Quand 4,3 millions d’utilisateurs se font piéger : des extensions « légitimes » Chrome et Edge ont attendu des années
avant d’activer backdoors et spyware dans un silence total
L’affaire aurait pu rester invisible encore longtemps si plusieurs équipes de chercheurs n’avaient pas fini par comprendre qu’un réseau d’extensions « tout à fait banales » pour Chrome et Microsoft Edge, actives depuis parfois plus de trois ans, dissimulait en réalité un mécanisme de compromission à retardement. Avec 4,3 millions d’utilisateurs touchés, cette opération démontre à quel point l’écosystème des extensions navigateurs est devenu un terrain d’attaque sophistiqué, patient et diablement efficace. Les professionnels de la cybersécurité y voient désormais l’un des vecteurs les plus sous-estimés de la menace moderne.
Contexte
Une campagne malveillante menée pendant sept ans à l'aide d'extensions de navigateur a infecté 4,3 millions d'utilisateurs de Google Chrome et Microsoft Edge avec des logiciels malveillants, notamment des portes dérobées et des logiciels espions qui envoyaient les données des utilisateurs vers des serveurs situés en Chine. Et, selon les chercheurs de Koi, cinq des extensions ayant été installées plus de 4 millions de fois sont toujours disponibles sur la boutique Edge.
Les pirates, que Koi a baptisés ShadyPanda, ont joué la carte de la patience : ils ont publié des extensions légitimes, accumulant des milliers, voire des millions de téléchargements sur plusieurs années, puis ont diffusé une mise à jour contenant des logiciels malveillants qui s'installait automatiquement sur tous les appareils des utilisateurs.

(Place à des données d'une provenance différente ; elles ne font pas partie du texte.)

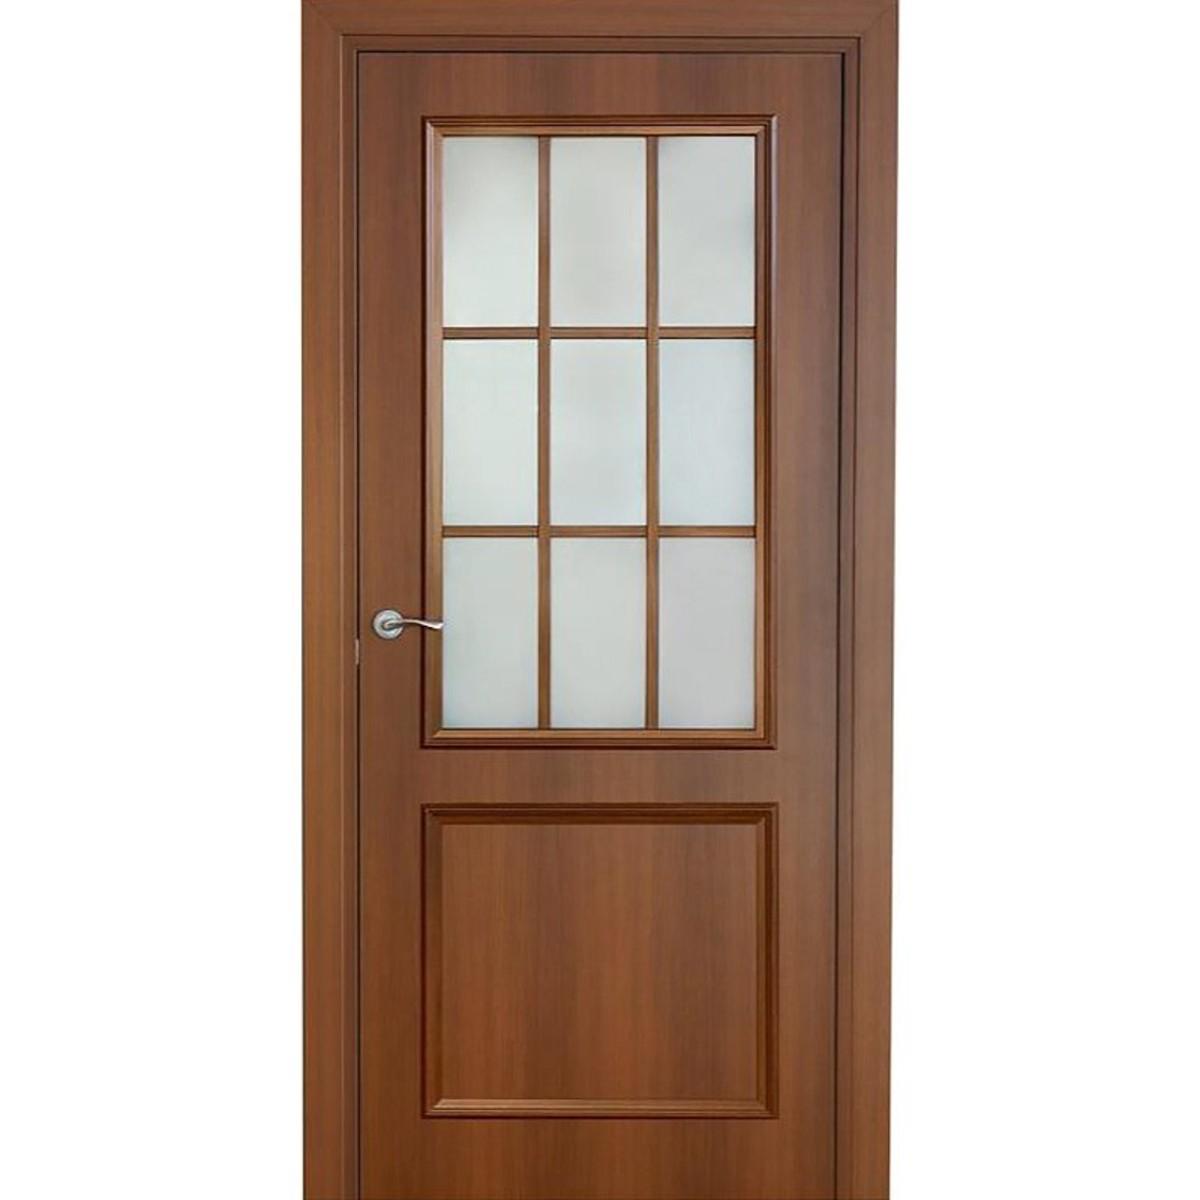 Дверь межкомнатная остеклённая Altro 90x200 см ламинация цвет орех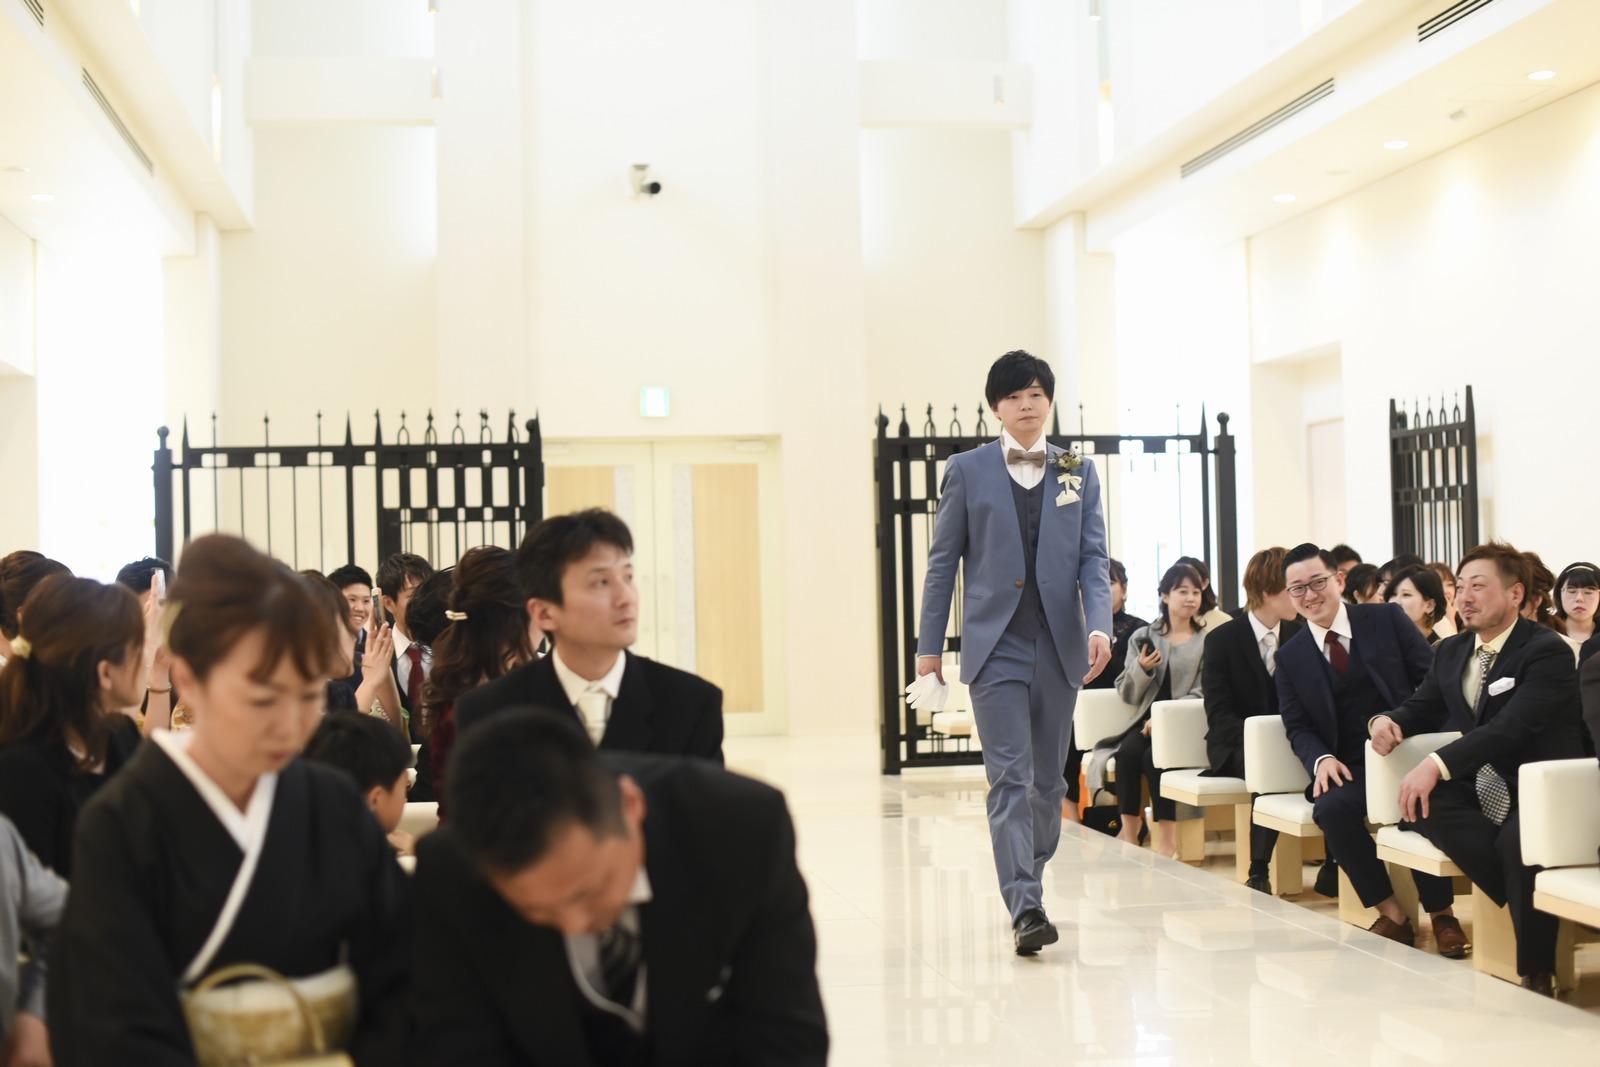 徳島市の結婚式場ブランアンジュの挙式セレモニーのスタートは新郎様の入場から

Comme les deux marketplaces examinent les extensions lors de leur soumission (il ne s'agit pas d'un processus continu), ces outils de productivité apparemment exceptionnels, dont certains bénéficiaient du statut « Featured » (Recommandé) et « Verified » (Vérifié) ainsi que d'avis élogieux de la part des utilisateurs et d'un nombre élevé d'installations, ont pu suivre le comportement des utilisateurs et voler des informations sensibles en toute discrétion pendant des années.
« Pas de phishing. Pas d'ingénierie sociale. Juste des extensions fiables avec des mises à jour discrètes qui ont transformé des outils de productivité en plateformes de surveillance », a déclaré l'équipe de recherche des menaces dans un blog publié lundi.
La menace invisible : quand le temps joue pour les attaquants
Les extensions incriminées ne sont pas apparues comme des malwares classiques. Elles ont d’abord offert un réel service, parfois très utile, souvent très simple : convertisseurs de fichiers, comparateurs de prix, outils PDF, widgets météo. Rien qui ne puisse déclencher la méfiance d’un utilisateur, et encore moins celle d’une équipe IT habituée aux add-ons répandus dans les environnements de travail.
Ce qui rend l’opération unique est la temporalité. Les extensions ont attendu. Plusieurs mois, parfois plusieurs années. Cette patience leur a permis de bâtir une réputation légitime, d’obtenir de bonnes évaluations, d’être recommandées sur des forums, voire parfois intégrées aux environnements professionnels sans alerte. Un scénario parfait pour une attaque différée et massive.
Envoyé par Koi
L’activation du code malveillant : un interrupteur après des années de sommeil
Les chercheurs expliquent que le déclenchement du code malveillant s’est fait via des mises à jour entièrement conformes au mécanisme de distribution officiel du Chrome Web Store et de l’Edge Add-ons Store. Aucune vulnérabilité n’a été exploitée : les attaquants ont tout simplement profité de la confiance accordée par les utilisateurs.
Derrière ces mises à jour, les extensions se sont transformées en plateformes d’espionnage. Elles ajoutaient progressivement des fonctions de backdoor, siphonnaient des données de navigation et exécutaient du code venant de serveurs command-and-control soigneusement masqués. Certaines extensions allaient jusqu’à manipuler les requêtes web, injecter des publicités invisibles ou détourner des sessions authentifiées.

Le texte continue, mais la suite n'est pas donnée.